> **Task description**:
Exclude the pictures and set down, unaltered, the lines from the one that holds "paket tour motogp sepang 2018 dari" through the end of the data.

─── Dataset section

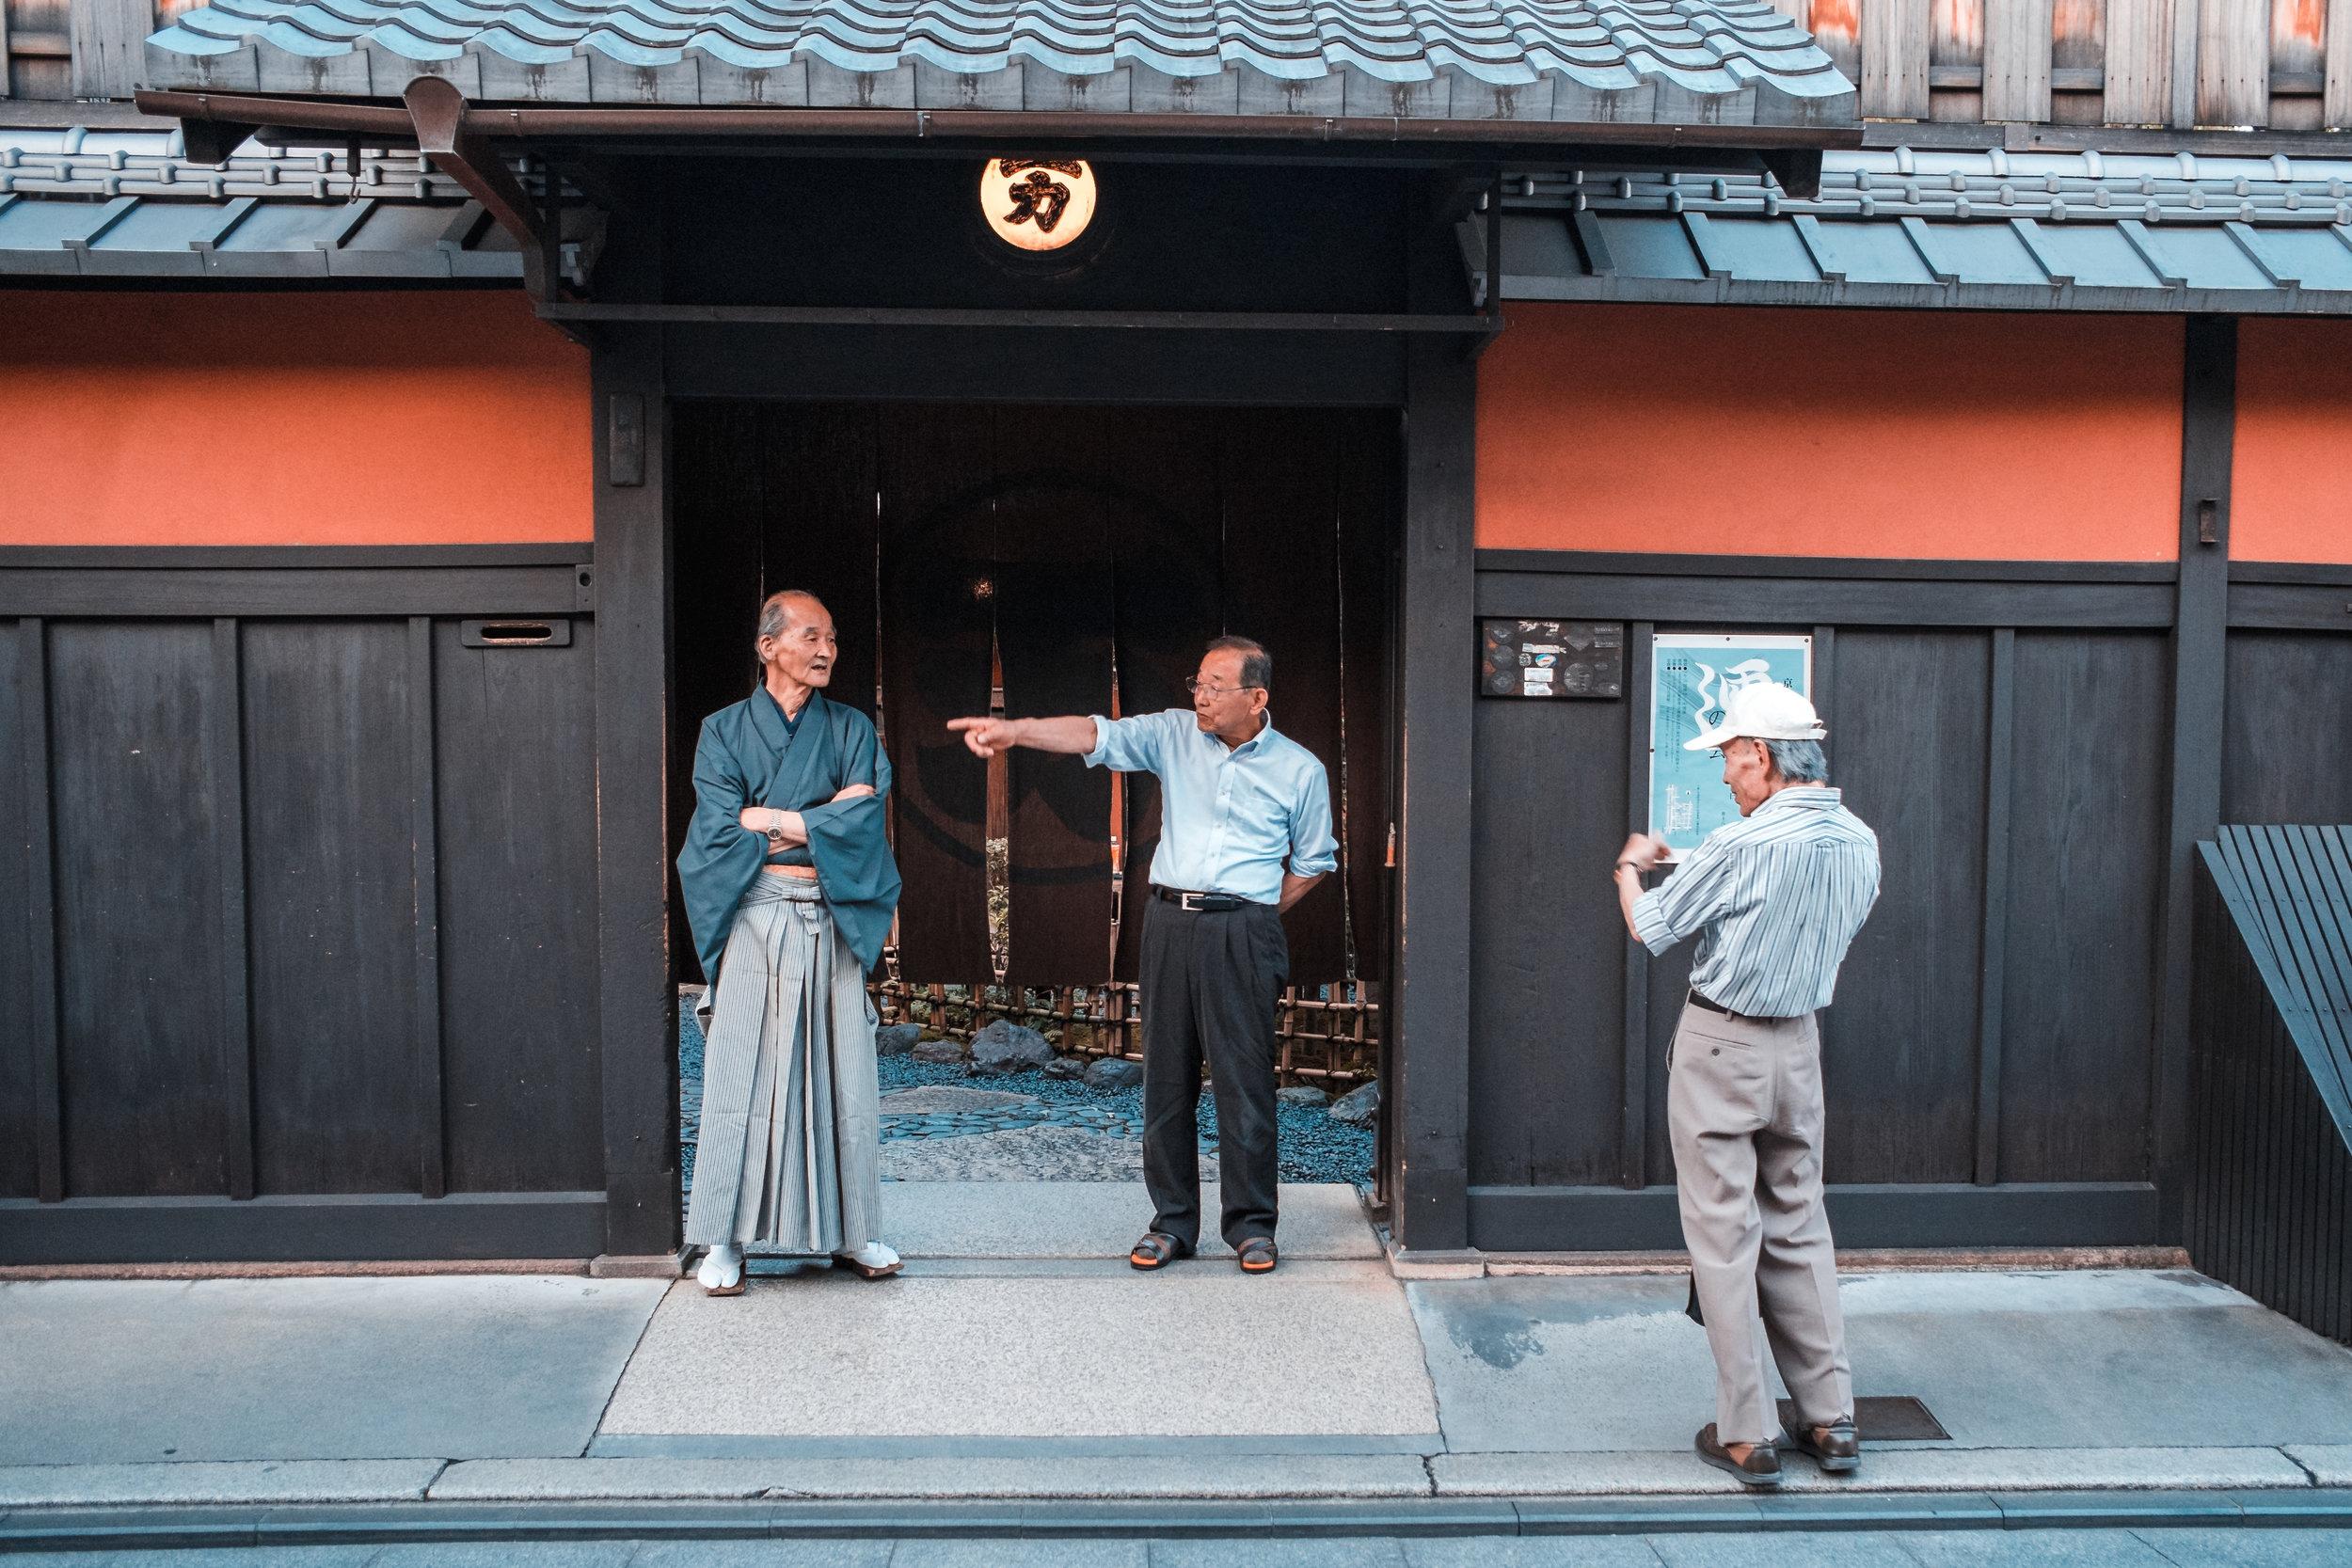 KyotoJapan_2018_AdamDillon_DSCF9879.jpg
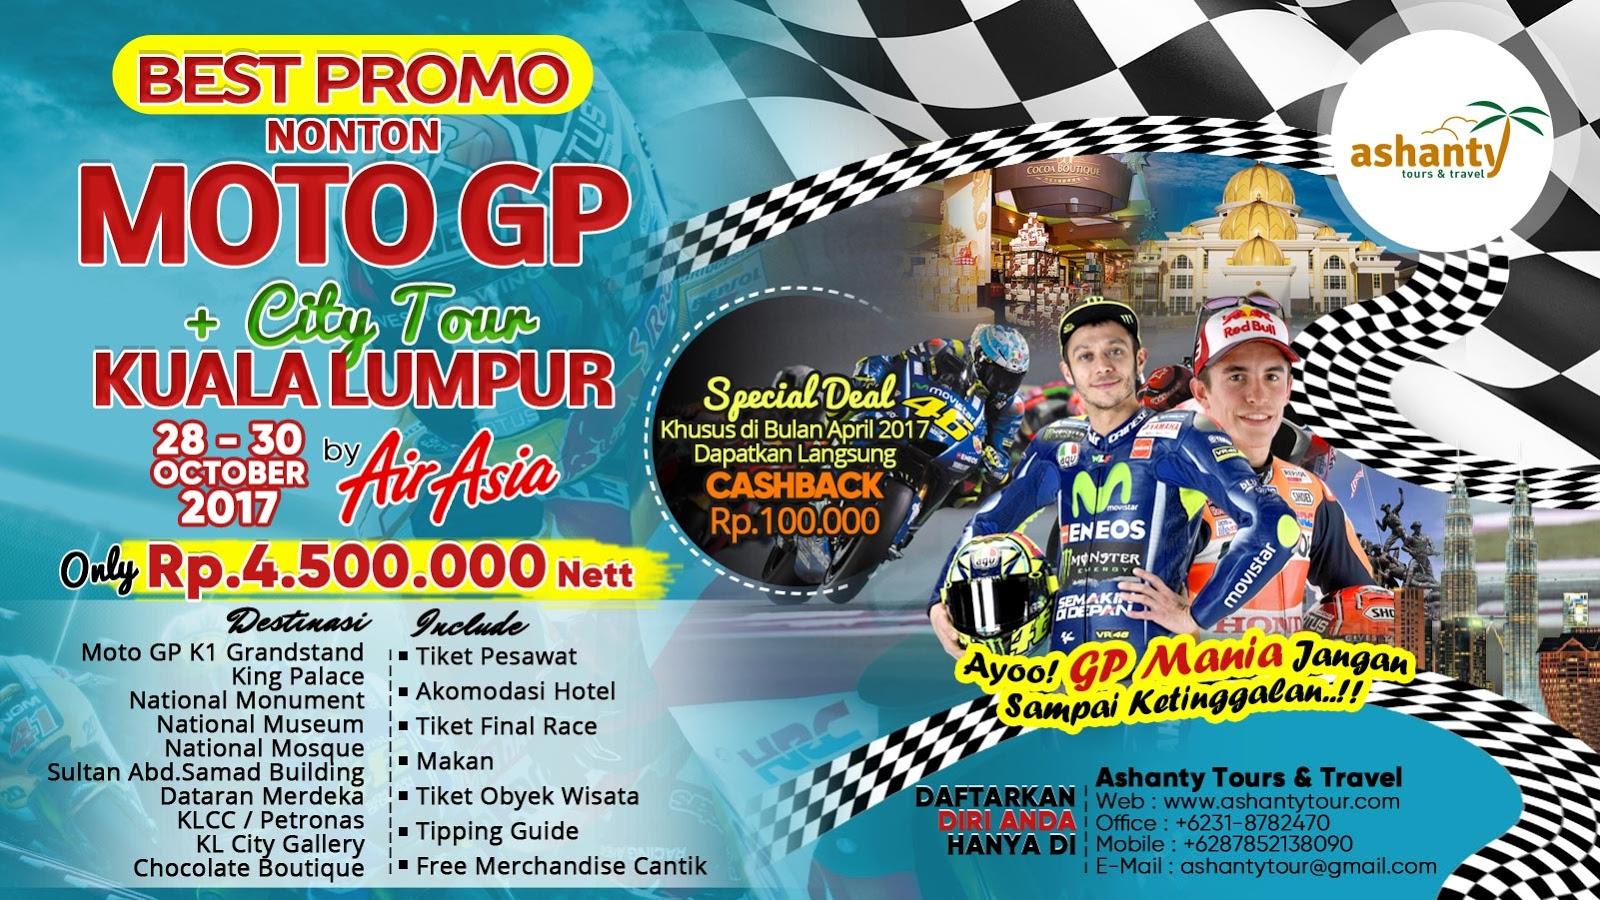 paket tour motogp sepang 2018 dari surabaya, harga paket tour motogp sepang 2018, paket nonton motogp sepang 2018
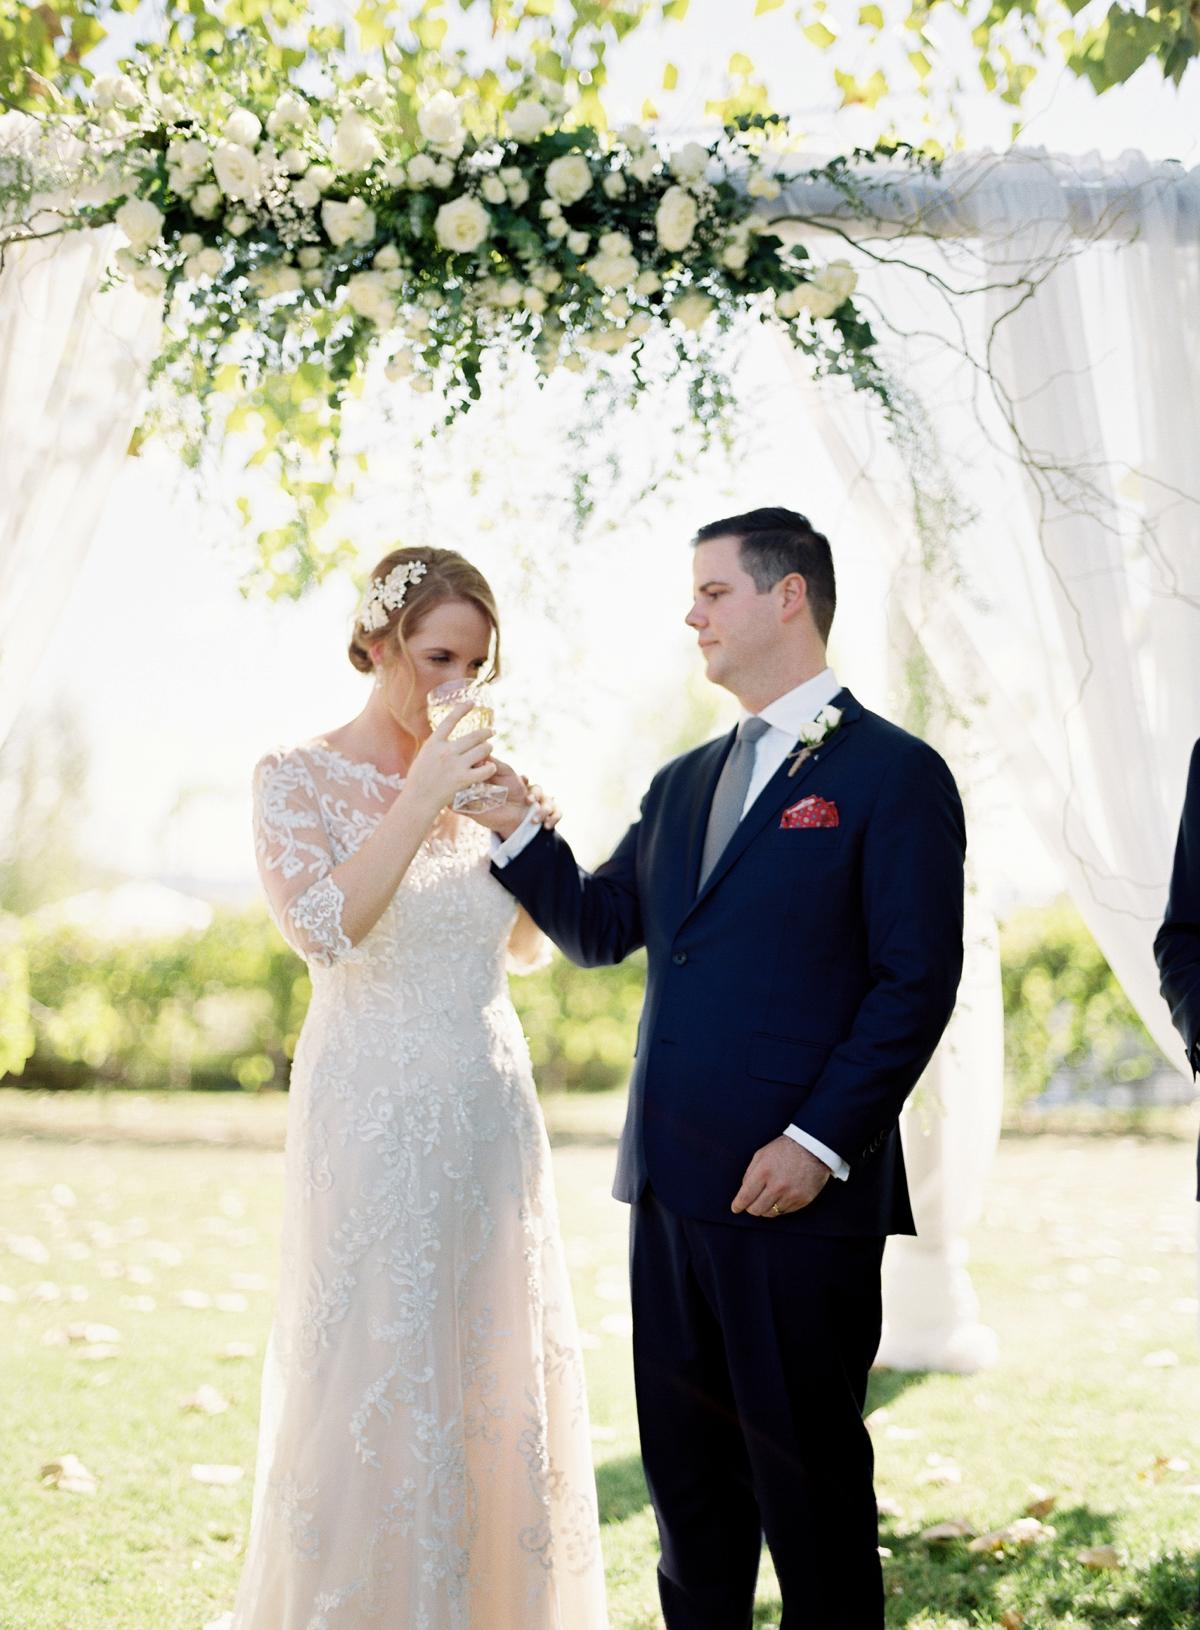 The Vine Grove Mudgee Wedding, Photography by Mr Edwards_1770.jpg

──────

> **Result below**:
 paket tour motogp sepang 2018 dari surabaya, harga paket tour motogp sepang 2018, paket nonton motogp sepang 2018
 The Vine Grove Mudgee Wedding, Photography by Mr Edwards_1770.jpg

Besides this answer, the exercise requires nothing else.